Нет ничего удивительного поэтому, что одна из наиболее известных антиутопий, роман Евгения Замятина, написанный как раз в это время и представлявший собой сатиру не только на советское, но и на капиталистическое обезличивание, был озаглавлен «Мы». Тогда же в сталинские времена «мой Пушкин», пользуясь выражением, поставленным поэтессой Мариной Цветаевой в заглавие ее популярной книги, превратился в «нашего Пушкина». Только в Хрущевский период Оттепели кинофильмы чаще стали озаглавливать иначе, используя личное местоимение первого лица уже не множественного, а единственного числа. Например, «Я вас любил», «Я шагаю по Москве», «Мне двадцать лет» и другие.

Однако даже в последние десятилетия существования СССР местоимение «я» часто использовалось в безличностном смысле. Например, известный фильм о Кубе несколько неожиданно назывался «Я Куба». Режиссер этого фильма С. Калатозов прибегнул к такому парадоксальному самоотождествлению с целой страной, желая выразить свое неравнодушие к Кубе и стремление понять кубинский народ. При этом любопытно, что он отождествил себя даже не с собственной, как это часто делают корейцы, но с чужой, хотя и дружественной по отношению к СССР страной5. Можно сказать, что во времена социализма в России даже личные местоимения имели иногда несколько обезличенный характер.

Как уже видно из выше приведенных примеров, первое лицо единственного числа, когда оно отождествляется с целой страной или народом, может, как и первое лицо множественного числа, звучать авторитарно. Некоторые западные монархи говорили о себе в первом лице единственного числа, отождествляя себя с целым государством. «Государство — это Я» — однажды во времена абсолютной монархии заявил французский король Людовик XIV. Фраза Теодора Рузвельта: «Судьба Польши была определена Россией и мной» — также приводится некоторыми западными исследователями как пример диктаторского стиля: «Личные местоимения «me» и «I» стали в голове Рузвельта синонимами Соединенных Штатов»6.
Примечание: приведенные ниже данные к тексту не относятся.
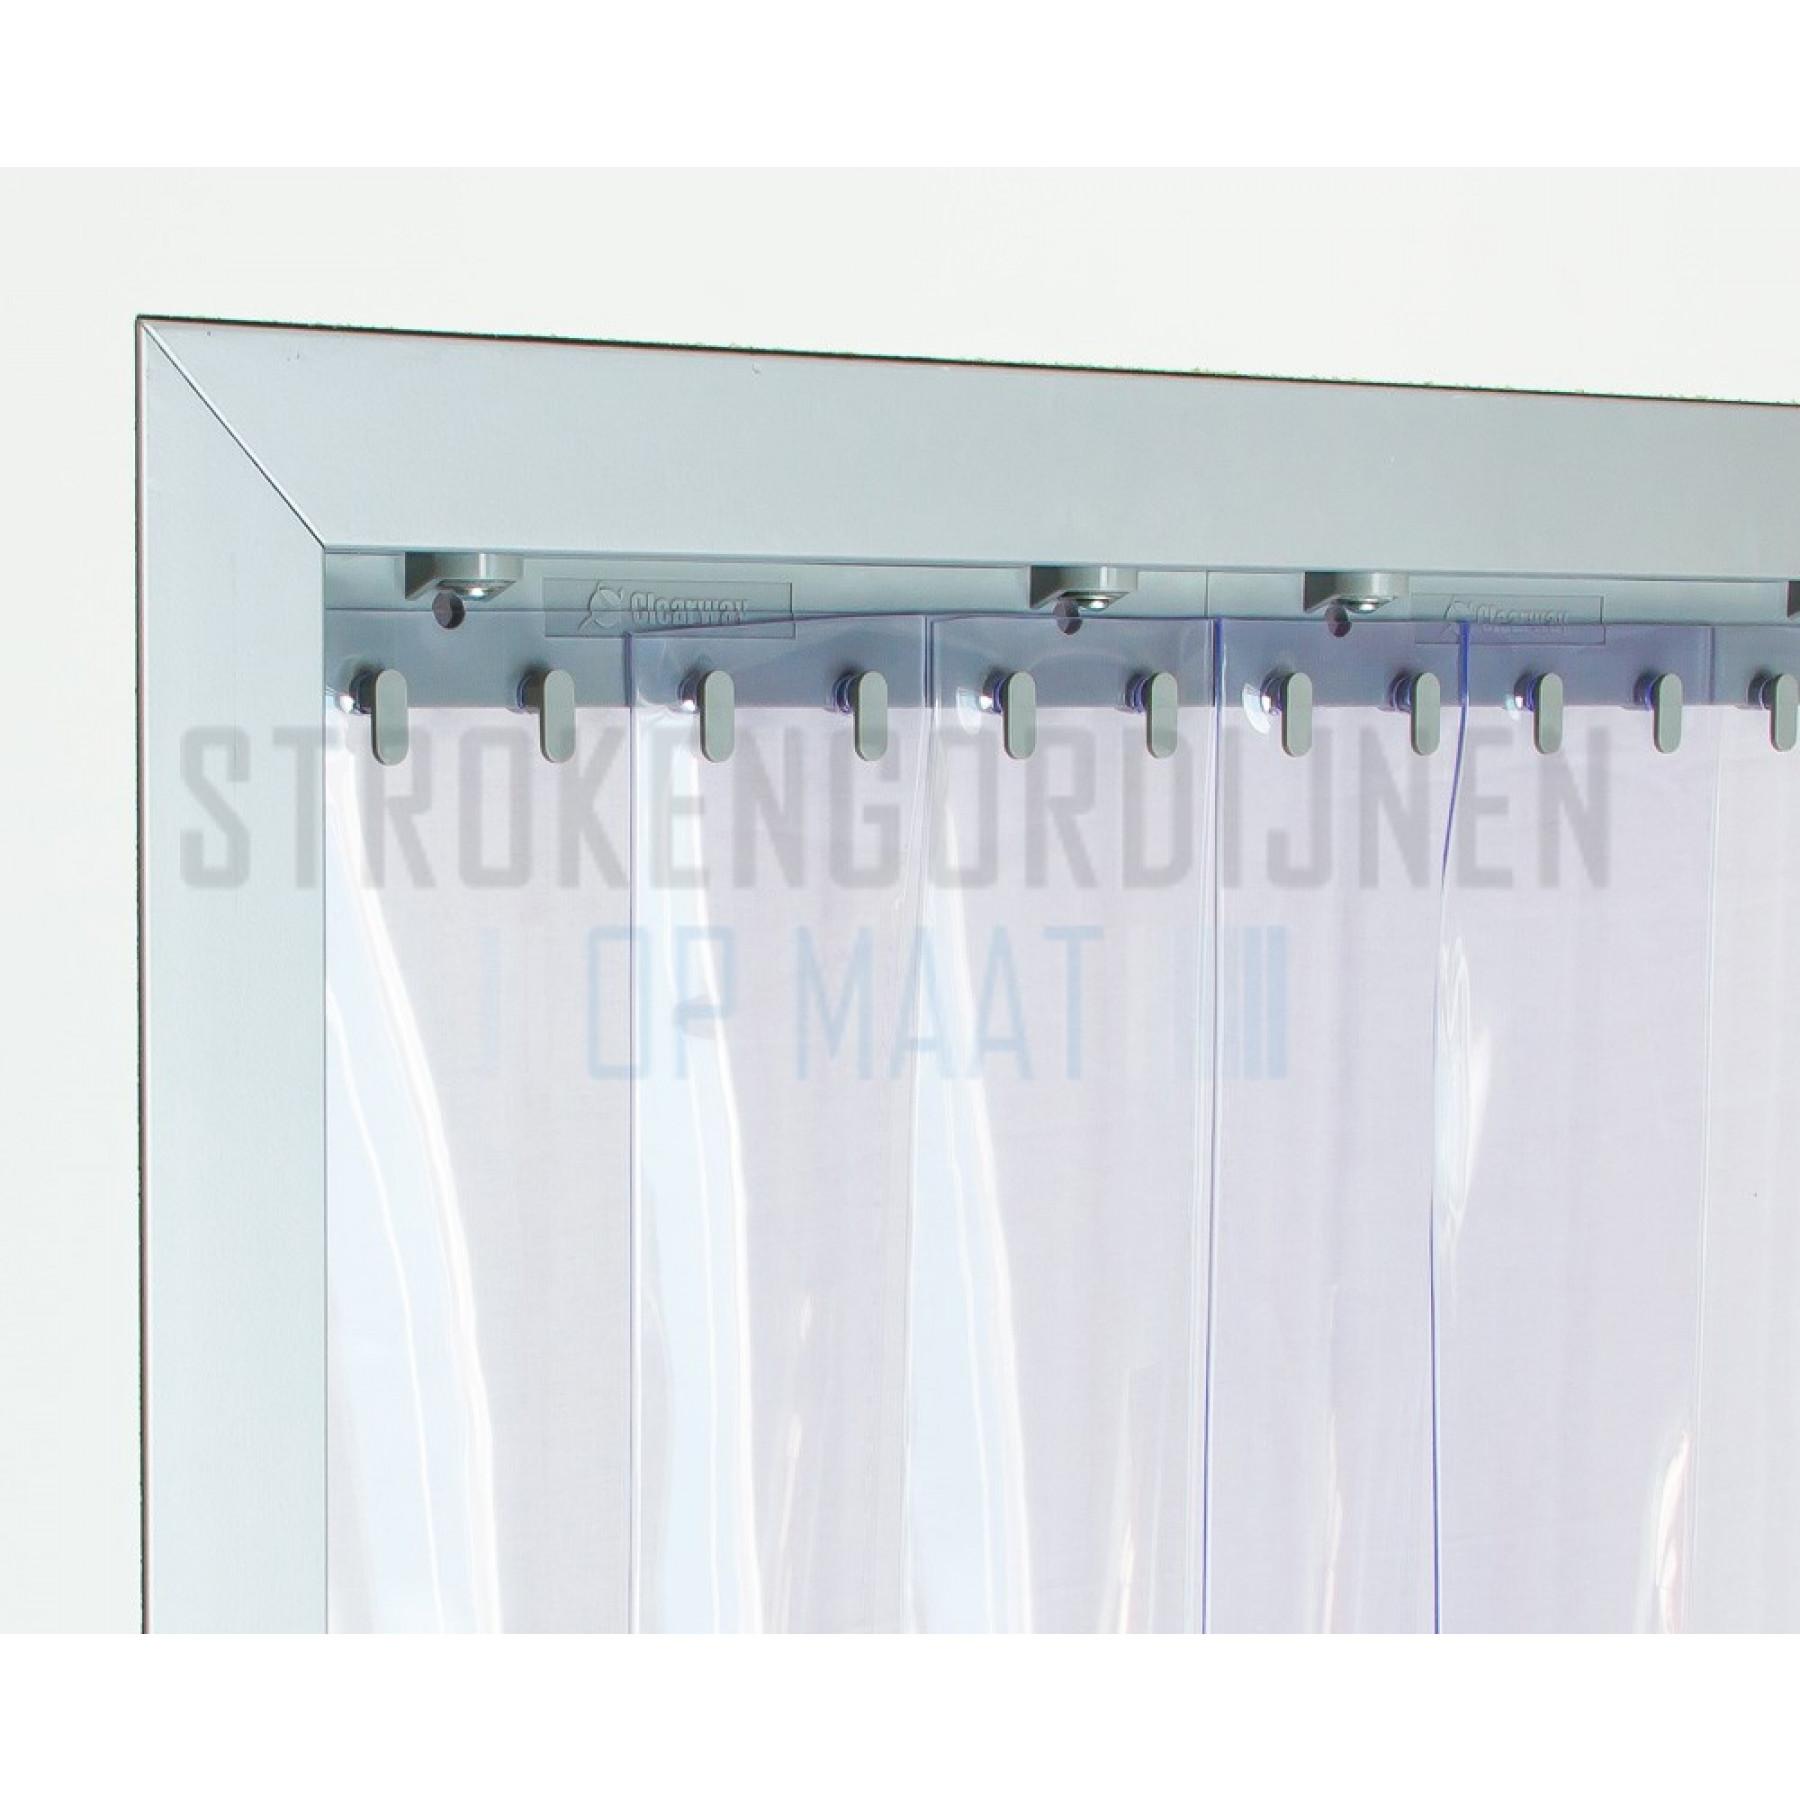 PVC Rolle, 200mm breit, 2mm dick, 50 Meter lang, Tiefkühlraum Qualität, transparent

Наличие ясных указаний на лицо избавляет от необходимости употребления личных местоимений — они используются только для того, чтобы подчеркнуть, выделить субъект или объект действия. В противоположность русскому и другим славянским языкам, английские глаголы почти совсем не спрягаются, поэтому использование личных местоимений совершенно неизбежно. Глагольные окончания в корейском языке указывают на то, кто говорит, к кому обращаются или о ком говорят. Однако это делается не посредством спряжения глагола, как в русском языке, а через уважительные, нейтральные и принижающие суффиксы: «keshida/keshipshida, imnida/issymnida, eyo/ita» etc. Так или иначе, строгой необходимости использовать местоимения в корейской речи нет. Это соответствует общей природе корейского языка, в котором не только по сравнению с английским, но даже и по сравнению с русским языком многое подразумевается контекстом7.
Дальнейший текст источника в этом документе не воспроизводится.